**** DATA PROVIDED ****

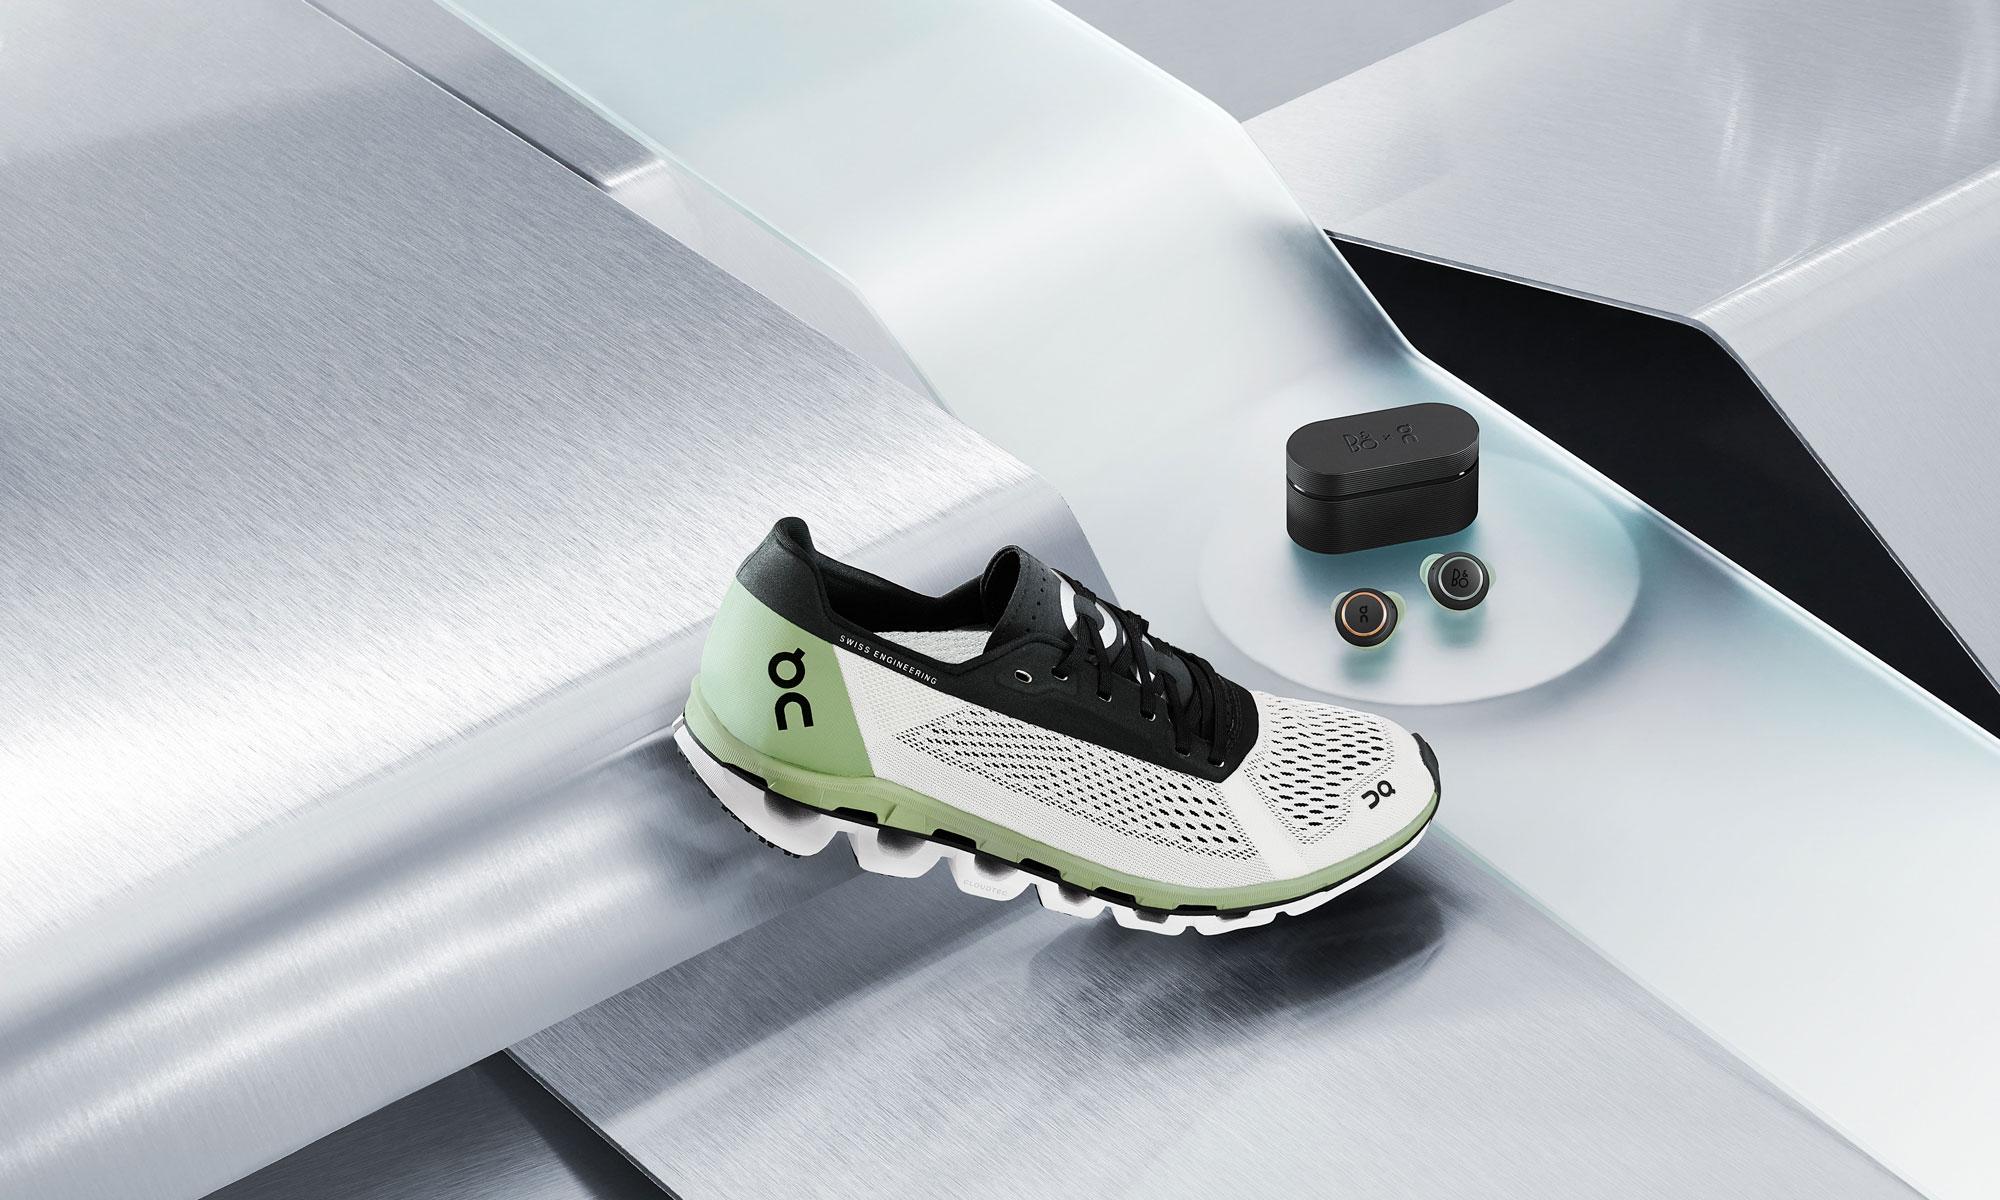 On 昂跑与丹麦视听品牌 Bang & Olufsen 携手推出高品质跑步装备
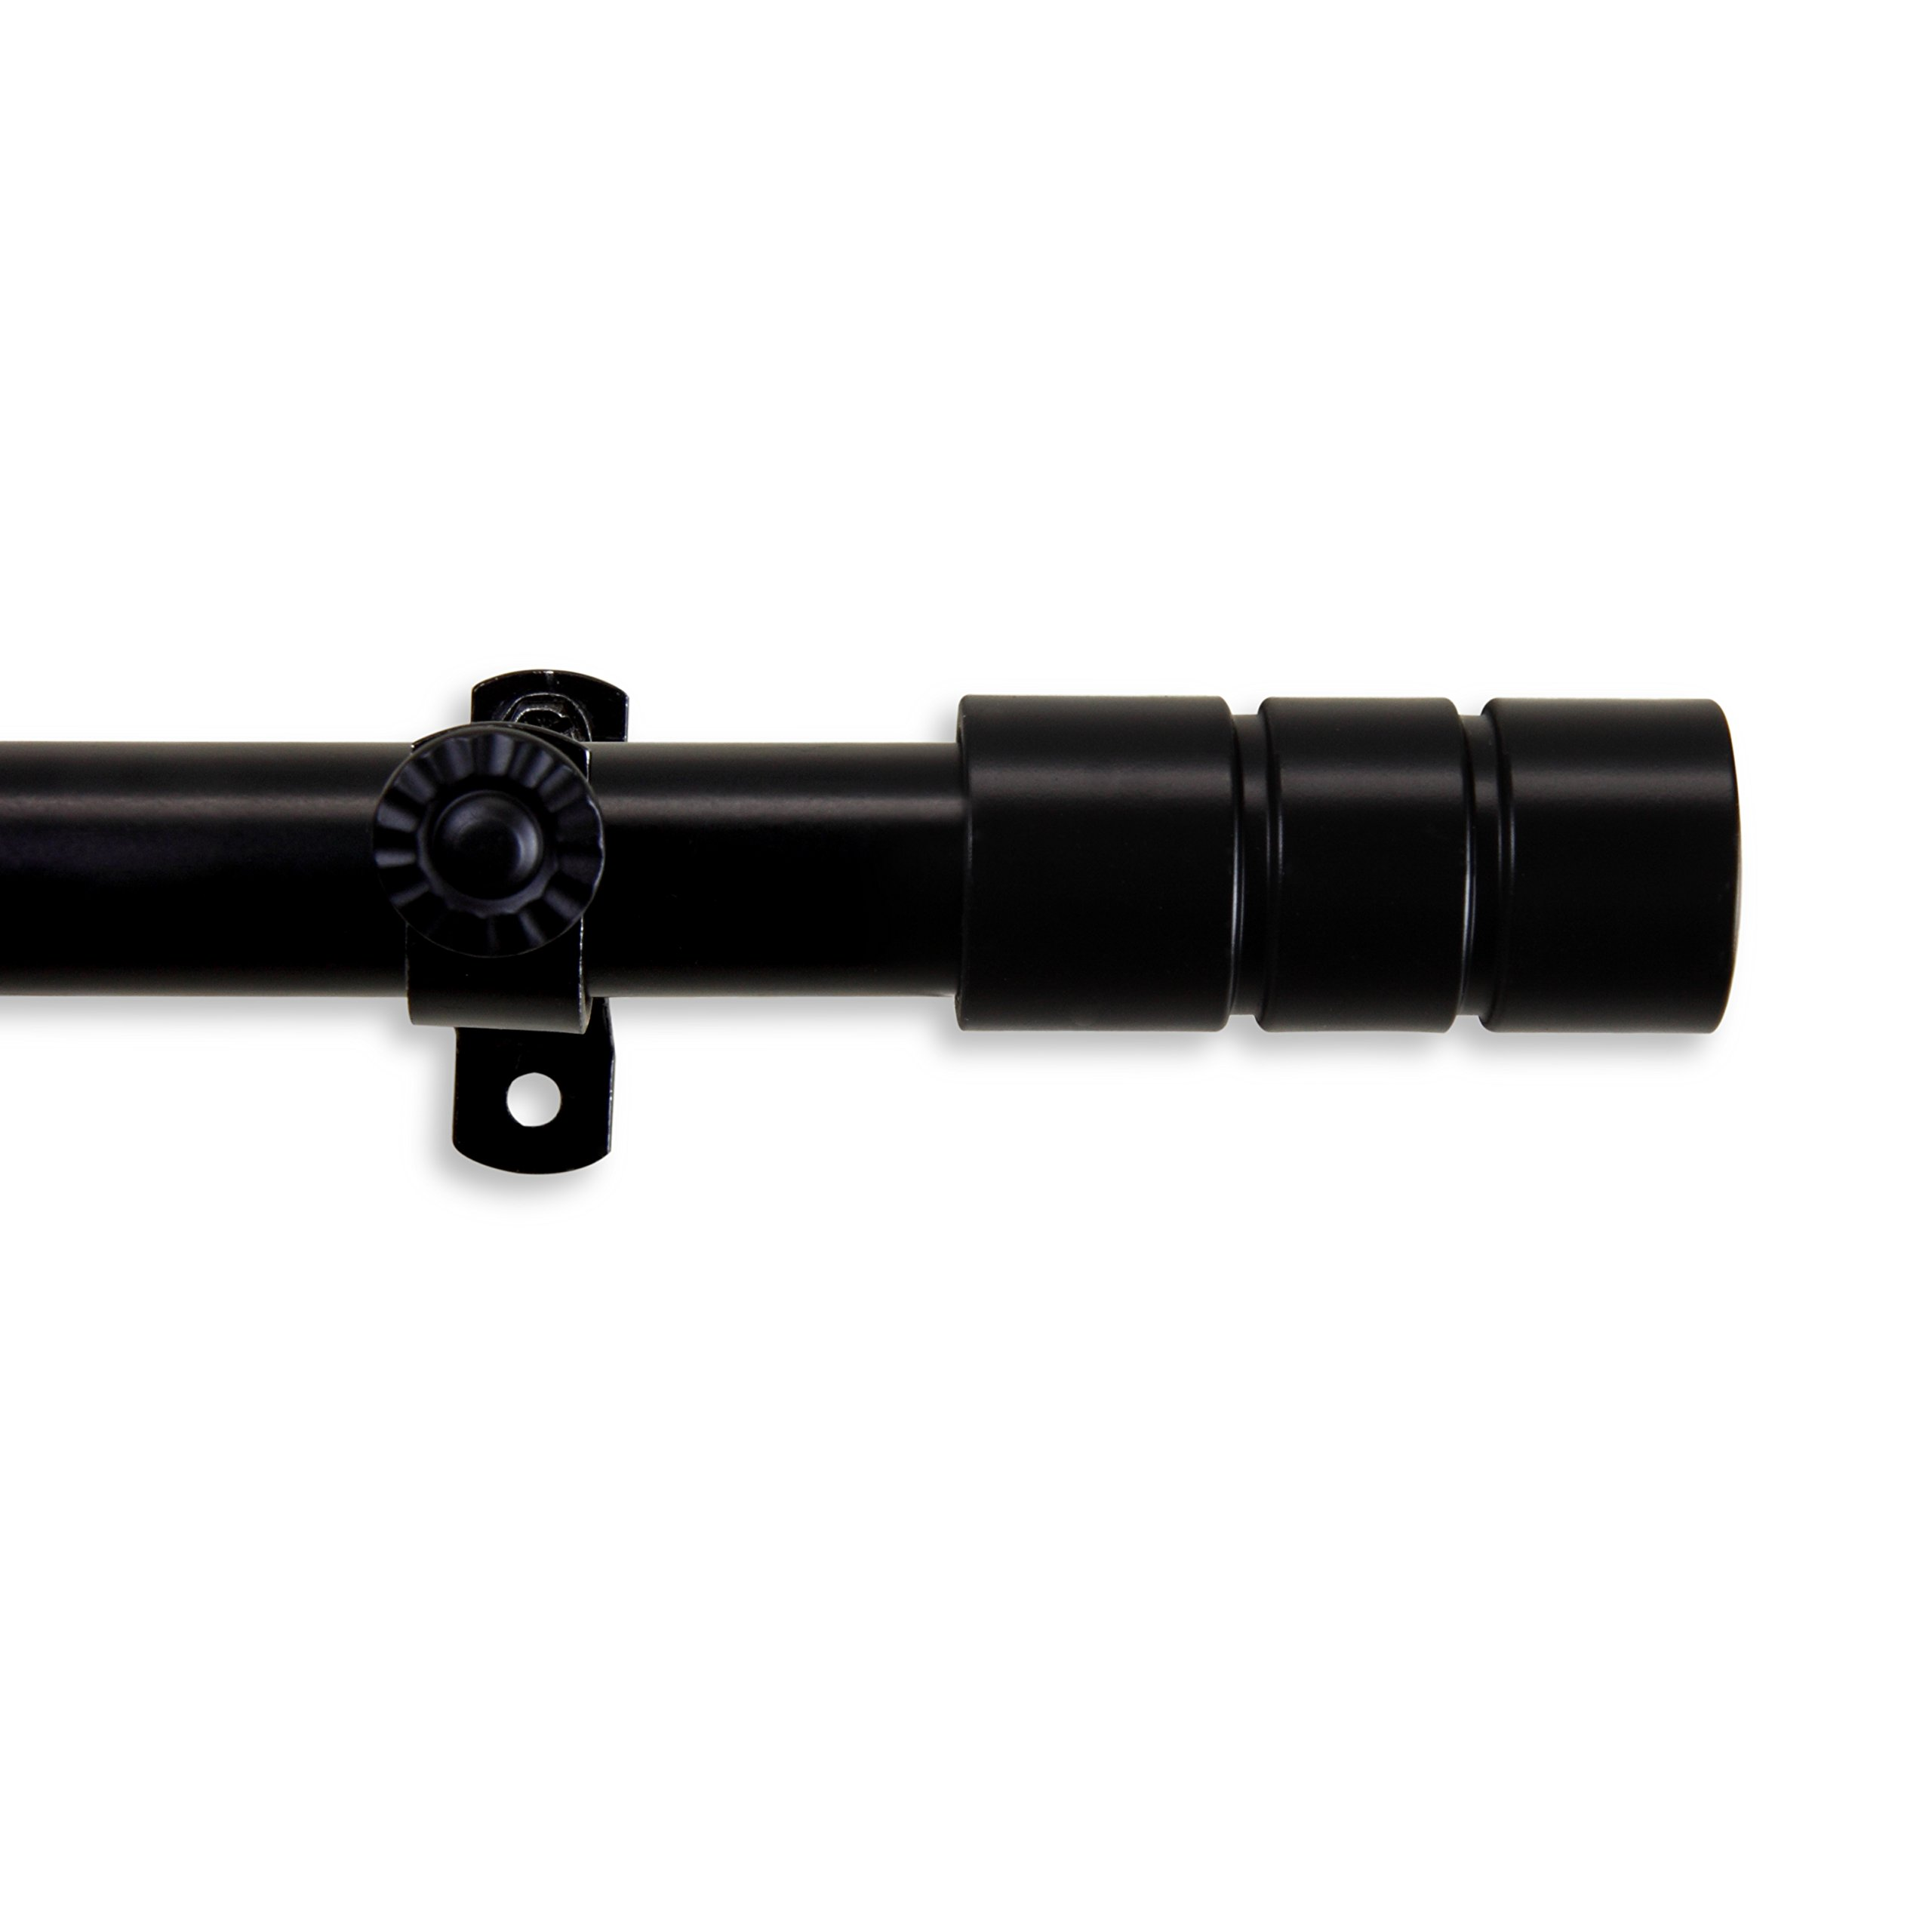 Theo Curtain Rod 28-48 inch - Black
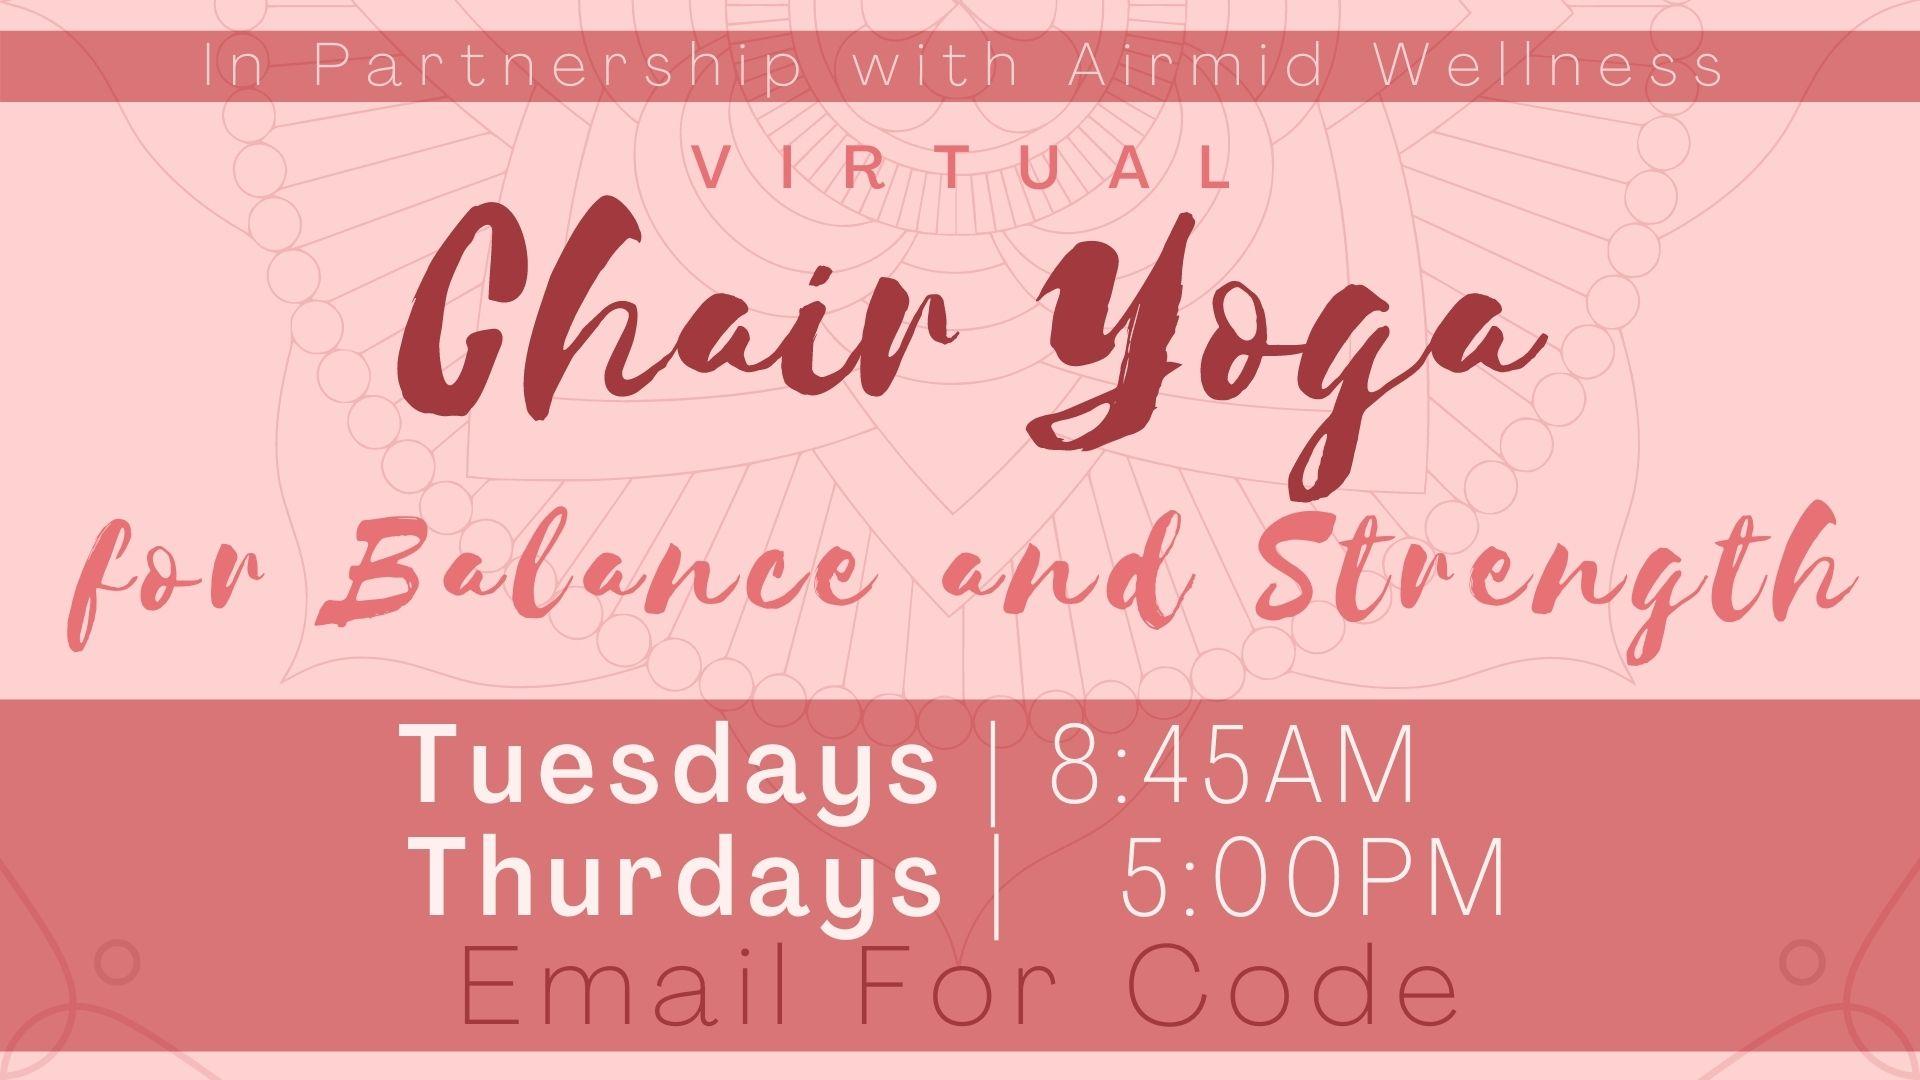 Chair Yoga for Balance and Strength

****

◆ INSTRUCTIONS TO FOLLOW
Write out, exactly as they appear, the lines from the one containing "Theo Curtain Rod 28-48 inch - Black" through the end of the material above, excluding pictures.

◆ EXERCISE OUTPUT
 Theo Curtain Rod 28-48 inch - Black
 Chair Yoga for Balance and Strength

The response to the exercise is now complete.